Donald Boesch

Donald Boesch
President of the
University of Maryland Center for Environmental Science
Assumed office
1990
Personal details
Born (1945-11-14) November 14, 1945
New Orleans, Louisiana
Alma mater Tulane University (B.S.)
College of William & Mary (Ph.D.)
Profession Biologist, Environmental Scientist
Website President

Donald Boesch (born November 14, 1945) is an American university professor, and President of the University of Maryland Center for Environmental Science and Vice Chancellor for Environmental Sustainability for the University System of Maryland[1] In 2010, he was appointed by President Barack Obama as a member of the National Commission on the BP Deepwater Horizon Oil Spill and Offshore Drilling[2] to investigate the root causes of the blowout at the Macondo Prospect in the Gulf of Mexico.

Boesch was born in New Orleans, Louisiana, where he grew up in the Ninth Ward[3] and experienced the flooding resulting from Hurricane Betsy. He attended Holy Cross High School and Tulane University, in that city, earning a B.S. in Biology. Boesch completed his Ph.D. in biological oceanography at the College of William of Mary in Virginia, after which he was a Fulbright-Hays Postdoctoral Fellow at the University of Queensland in Australia.

Boesch returned to the United States in 1972 and served as a professor at the Virginia Institute of Marine Science. In 1990 he moved back to his home state as the first Executive Director of the Louisiana Universities Marine Consortium, where he was responsible for building its marine center at Cocodrie, Louisiana, and two research vessels, the Pelican and the Acadiana. During this time, he was also a professor of marine science at the Louisiana State University, Baton Rouge. He has headed the University of Maryland Center for Environmental Science since 1990 and serves on the Maryland Governor’s Chesapeake Bay Cabinet.

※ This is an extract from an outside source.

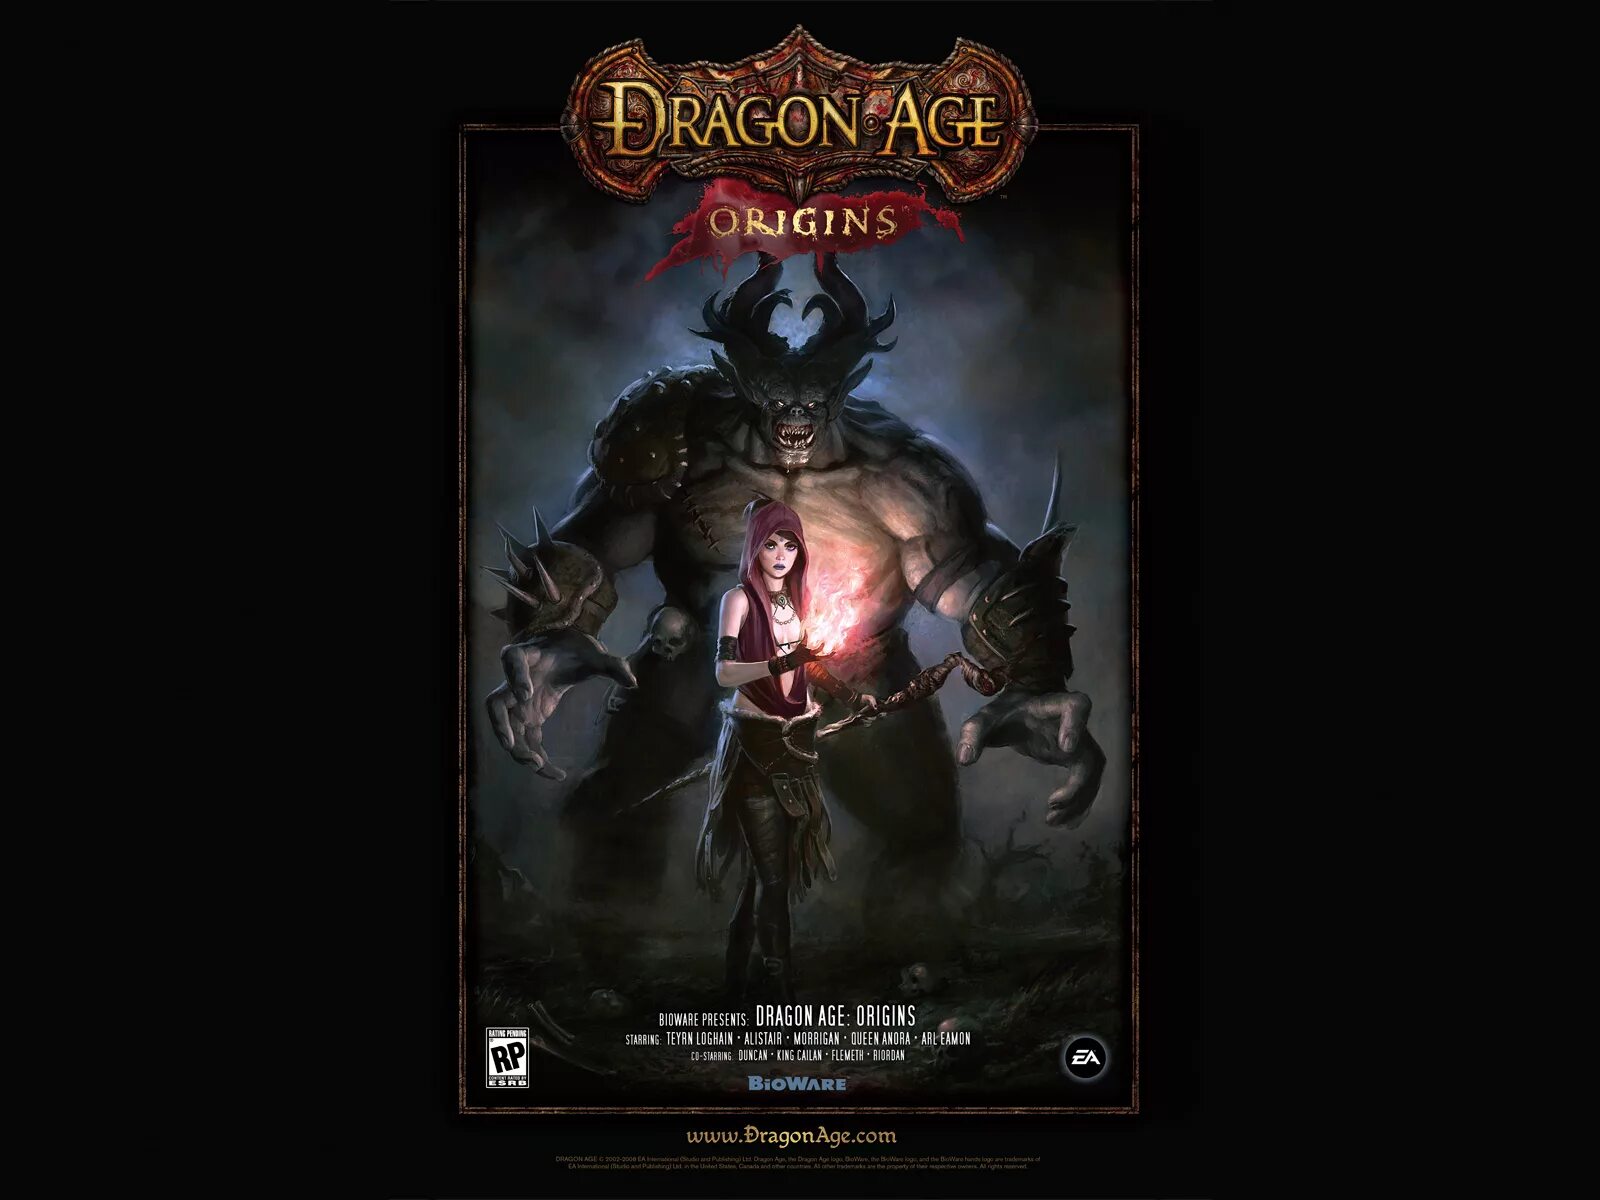 Age of origin войска. Dragon age Origins обои 1600 900. Вкфпщт ФПУ щкшпшты обои. Dragon age Origins HD обои. Dragon age Origins обои 1920 1080.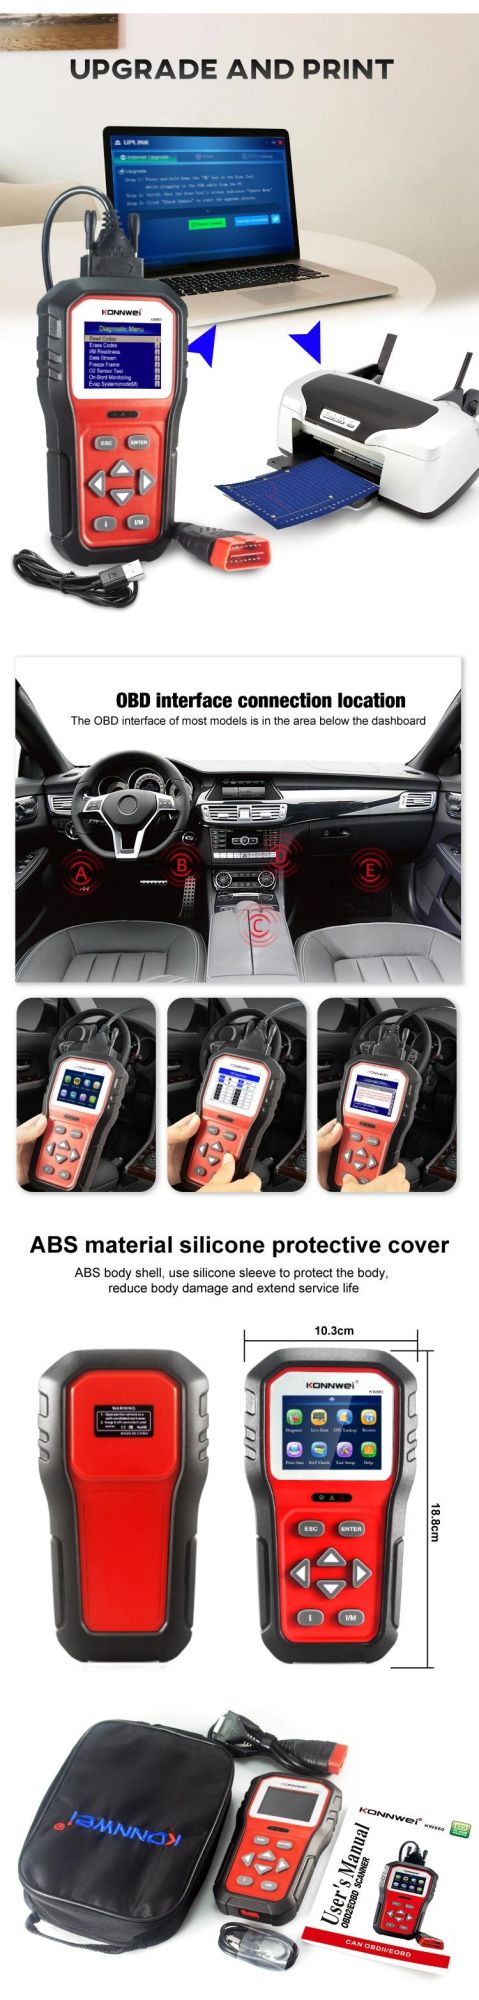 Konnwei Kw860 OBD2 Scanner OBD2 Car Diagnostic Auto Diagnostic Scan Tool Read & Clear Fault Error Codes OBD2 Automotive Scanner

Boesch has conducted research on coastal and continental shelf ecosystems along the Atlantic Coast, the Gulf of Mexico, eastern Australia and the East China Sea. He has published two books and more than 90 papers on marine benthos, estuarine and continental shelf ecology, wetlands, effects of offshore oil and gas development, nutrient over-enrichment, environmental assessment and science policy. While in Louisiana, he initiated the research that documented the Gulf of Mexico Dead Zone and identified its principal causes. His current research focuses on the use of science in ecosystem-based management and on assessments and adaptation strategies related to climate change.[4]

Boesch has served on numerous committees advising federal agencies and the National Research Council of the National Academy of Sciences, where he is chair of the Ocean Studies Board and a member of the Committee on America’s Climate Choices.[5] He also serves on the Ocean Research and Resources Advisory Board, the external committee providing technical advice to the National Ocean Council. In 2007 he was given the Award for Lifetime Leadership in Ecosystem Restoration by the National Conference on Ecosystem Restoration. He is a member of the governing boards of the Chesapeake Bay Foundation, Chesapeake Research Consortium, the Consortium for Ocean Leadership, and the Town Creek Foundation.